この話については親族全員が知っていた。だが本当にそんな事があったのかどうか 誰も知らない。『そう聞いた』と言う都市伝説みたいな事になっている。 そして、何かと言うと『うちは因縁の家だからねえ』が合言葉になっていた。 脅かされて育った私は面白くない。大の大人が何が因縁かと少し大きくなったら いきなり反抗心がむくむくと。 事件は事件、後々の因縁扱いは 被害者である親族に対して失礼ではないのか。 ○○村は北海道。先祖がこちらに渡って来たのはそう何代も前ではない。 誰も知らないと言う方が、むしろ変なのだ。これはどう言う事なのか。 事実である確率は10%程度と私は踏んでいた。

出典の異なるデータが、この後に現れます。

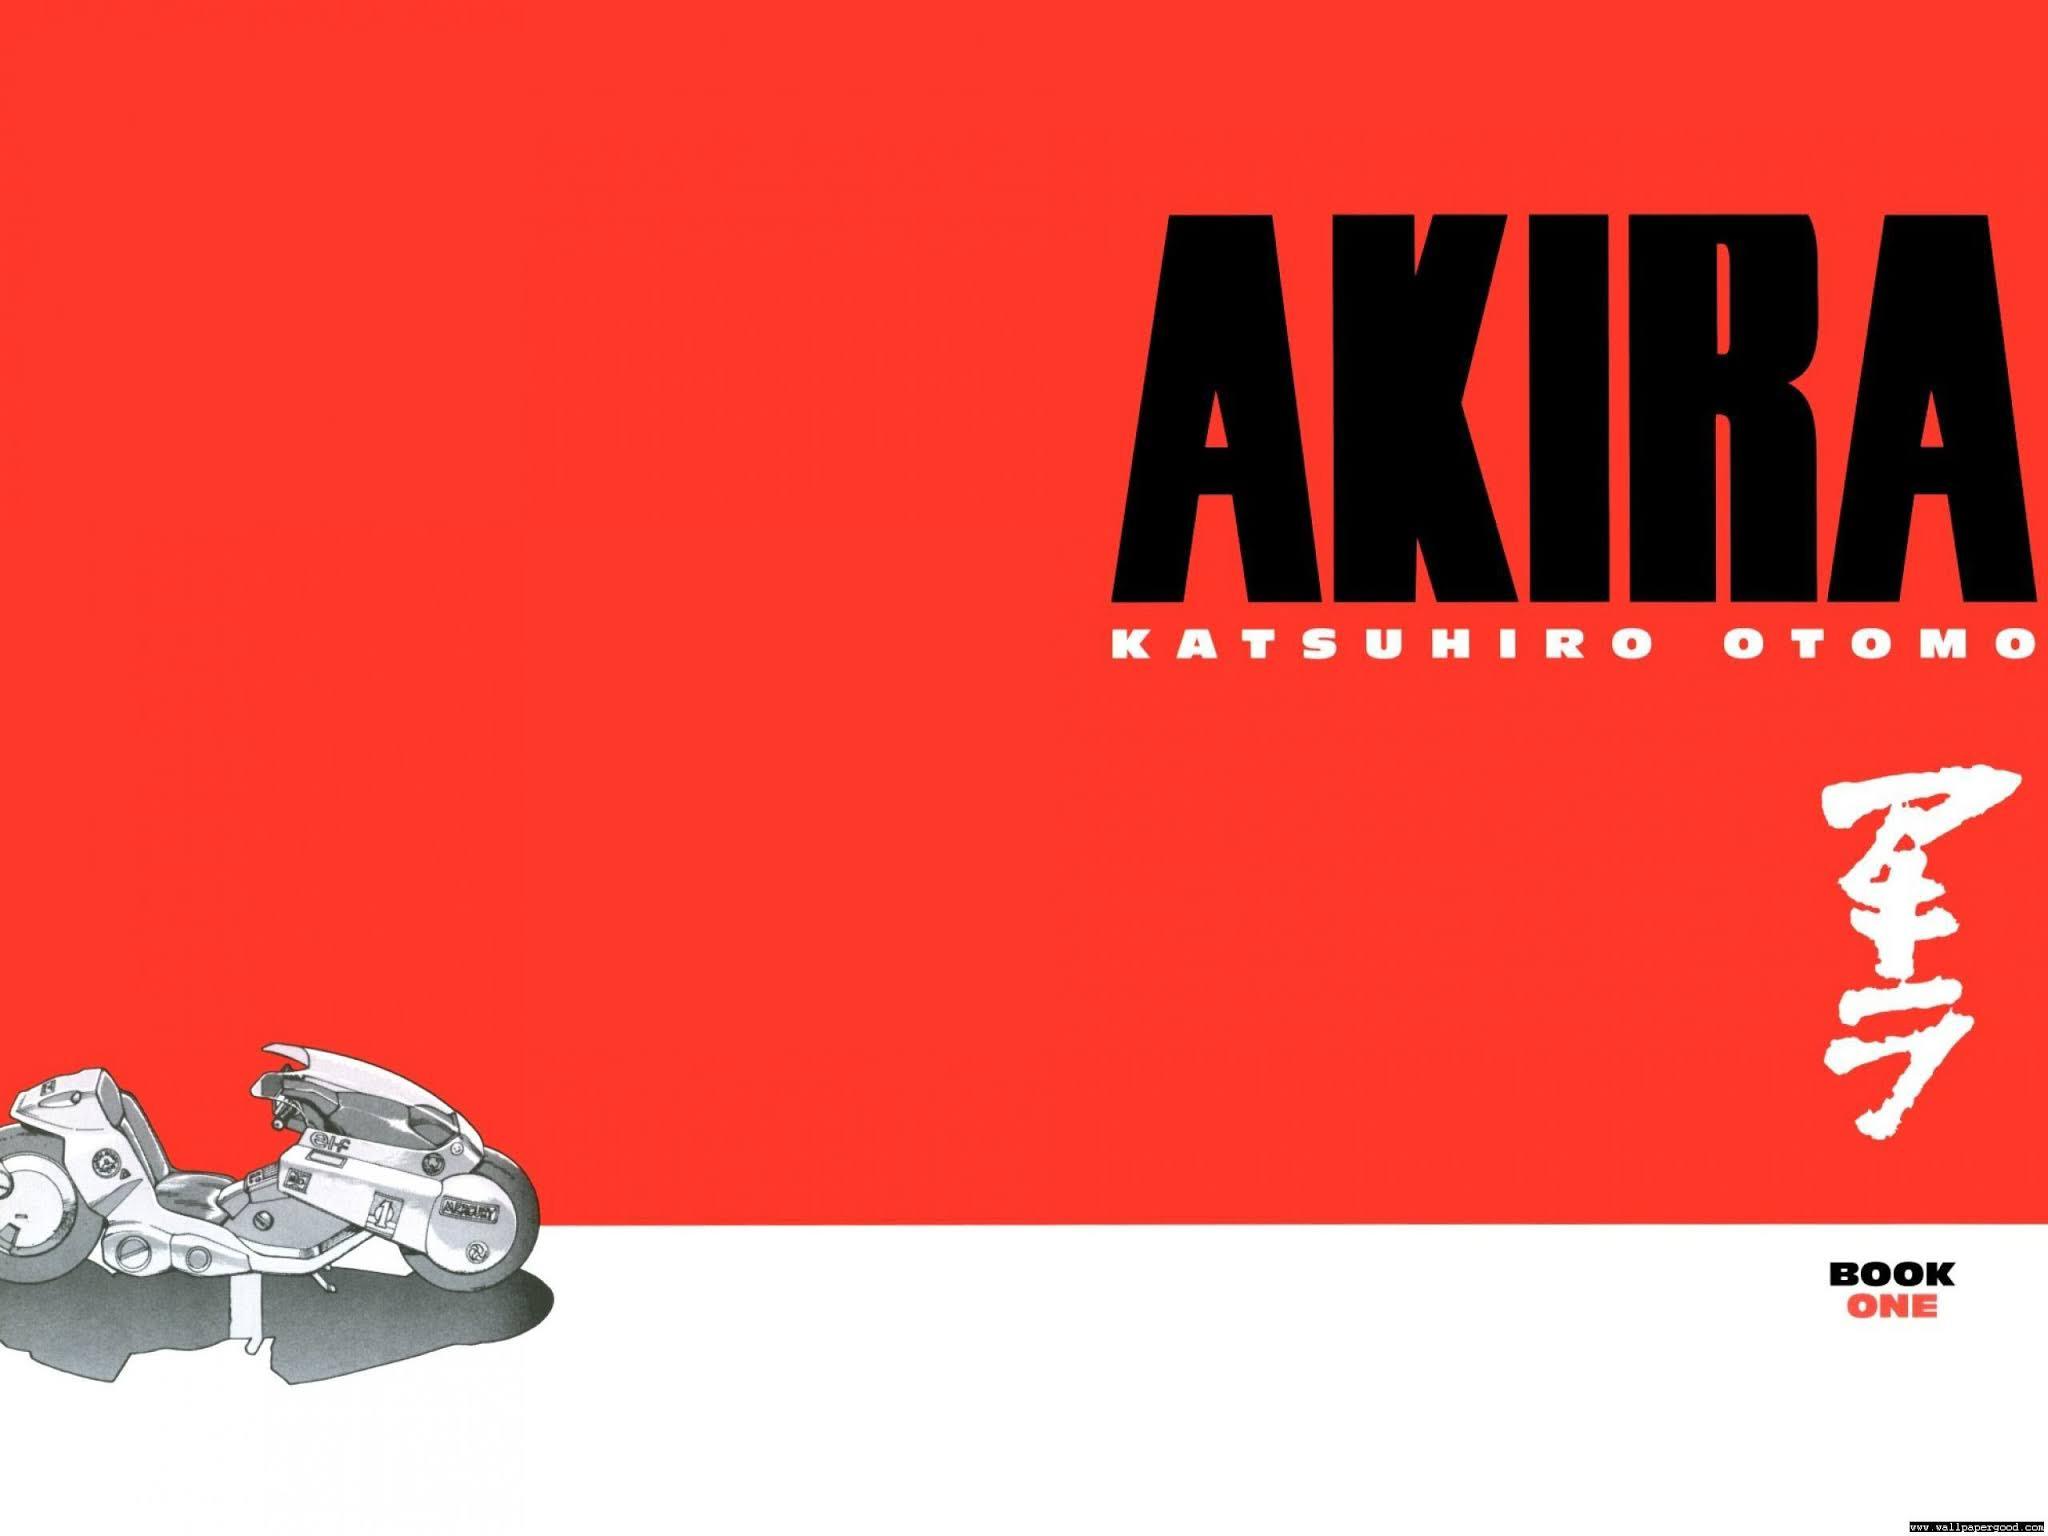 akira explosion wallpaper

実際に調べる事にしたのは 父方の家系に興味を持った頃に近かったと思う。 大きな図書館に行って、新聞(何か小さなスライドみたくなってる)を片端から 調べたのだ。 判っているのは戦前である事、冬である事、村の名前、これだけだ。 2日かかったが、それが事実であった事をようやく突き止めた。 被害者は曾祖母の叔母である。曾祖母は私が10歳を過ぎるまで生きていたが 生前、被害者に関する話をした事は無かった。どうやら曾祖母も余り詳しくは 知らされていなかった様である。・・・昔だからねえ。

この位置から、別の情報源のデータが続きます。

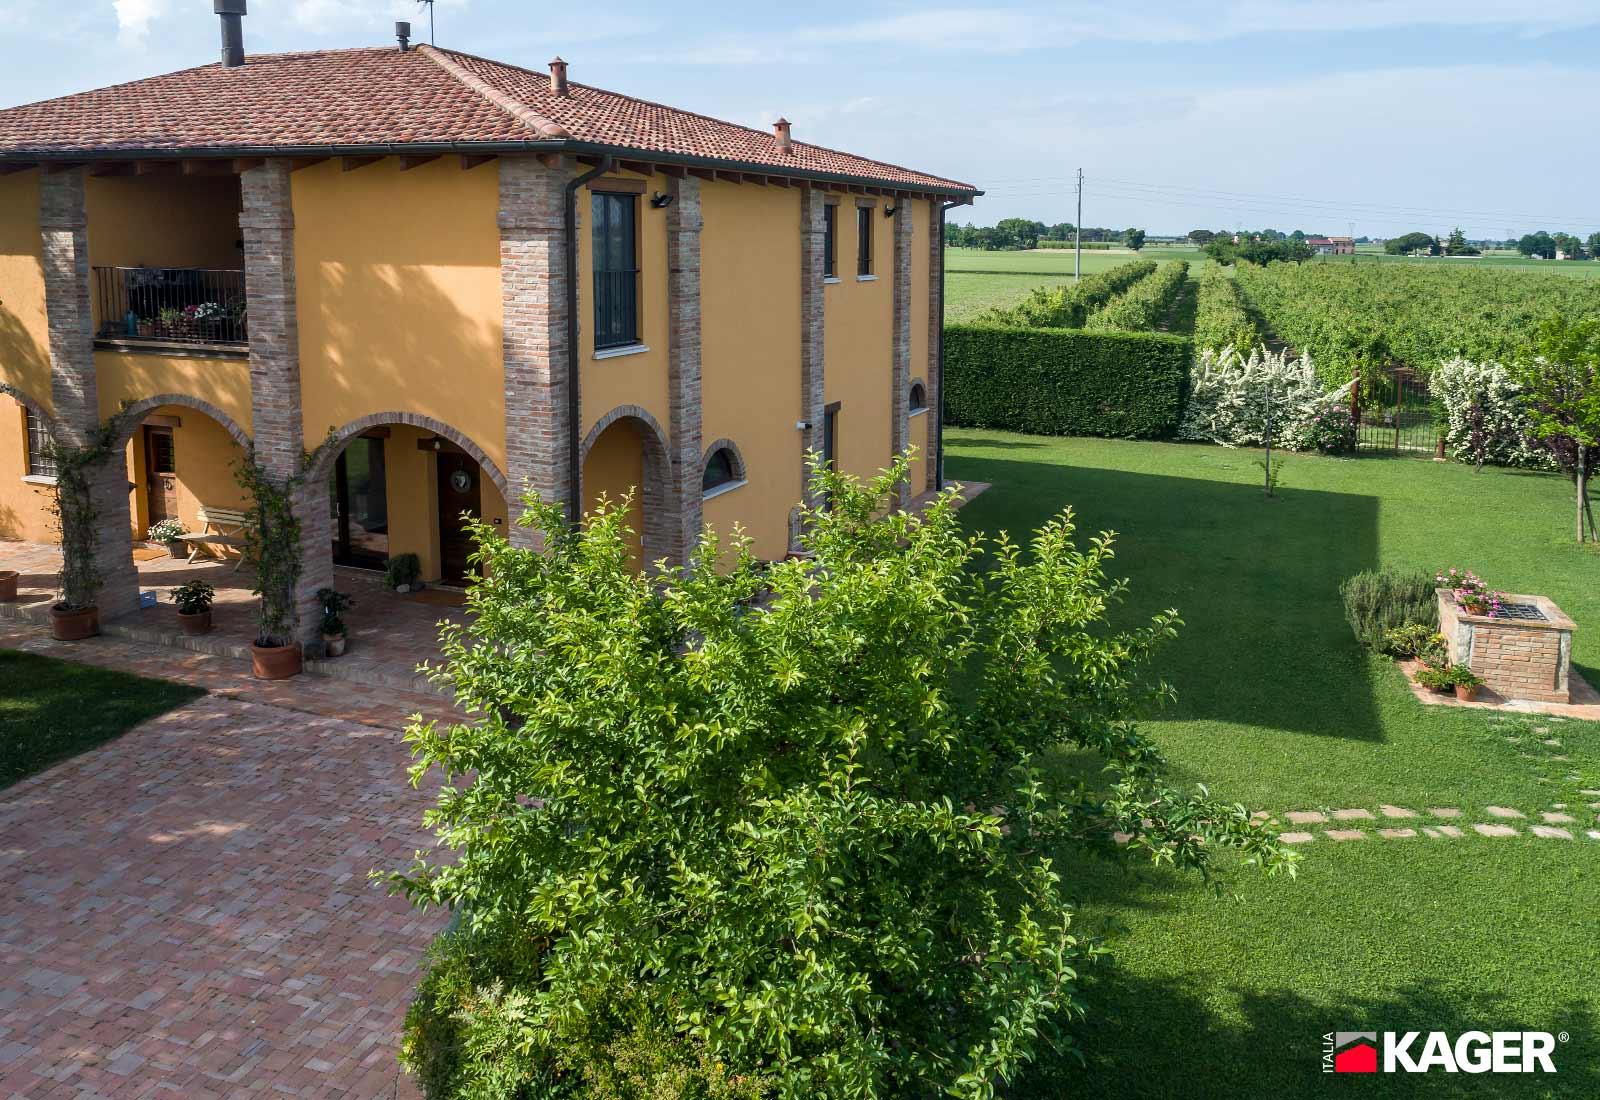 Casa-in-legno-Ferrara-Kager-Italia-05

私は問題の新聞記事をコピーして意気揚々と家に帰った。 それがちょっとした事件を引き起こした。母も母の従兄弟達も誰も、話については 半信半疑だったらしいのだ。まず事実であった事に驚き、意外と近い親族に 起こっていた事だったのに驚いた。 そして母と親しい従兄弟の夫が、事件に絡んだ人と同姓であり、かつ同じ村に 先祖を持つ事が判ったのである。 こう言うのをクローゼットの中身を引っ掻き回す行為と言うのだろうか。 とにかく余り、やってはいけないのかも知れない。
本気で心配した親族が調べた結果、事件とは無関係の一族と言う事が判った。 だが私は何をするか判らない人間と周囲に思われてしまった様子だ。 とは言え、因縁扱いは止めろと言う主張は通った。それからは誰も不幸な 事件に巻き込まれた親族を寝物語に語る事はしなくなった筈だ。
細かい調べ物は今も好きなんですよ。でも調べた結果がどうなるかとかは 余り考えた事がないです。
余談・・・当時の新聞の 広告文の余りの素晴らしさには全くぼ〜っと なってしまいました。デザインも秀逸な物多し。広告の原点を感じたのを 憶えてます。調べている方も結構いい加減な態度だったと言われれば、そうで。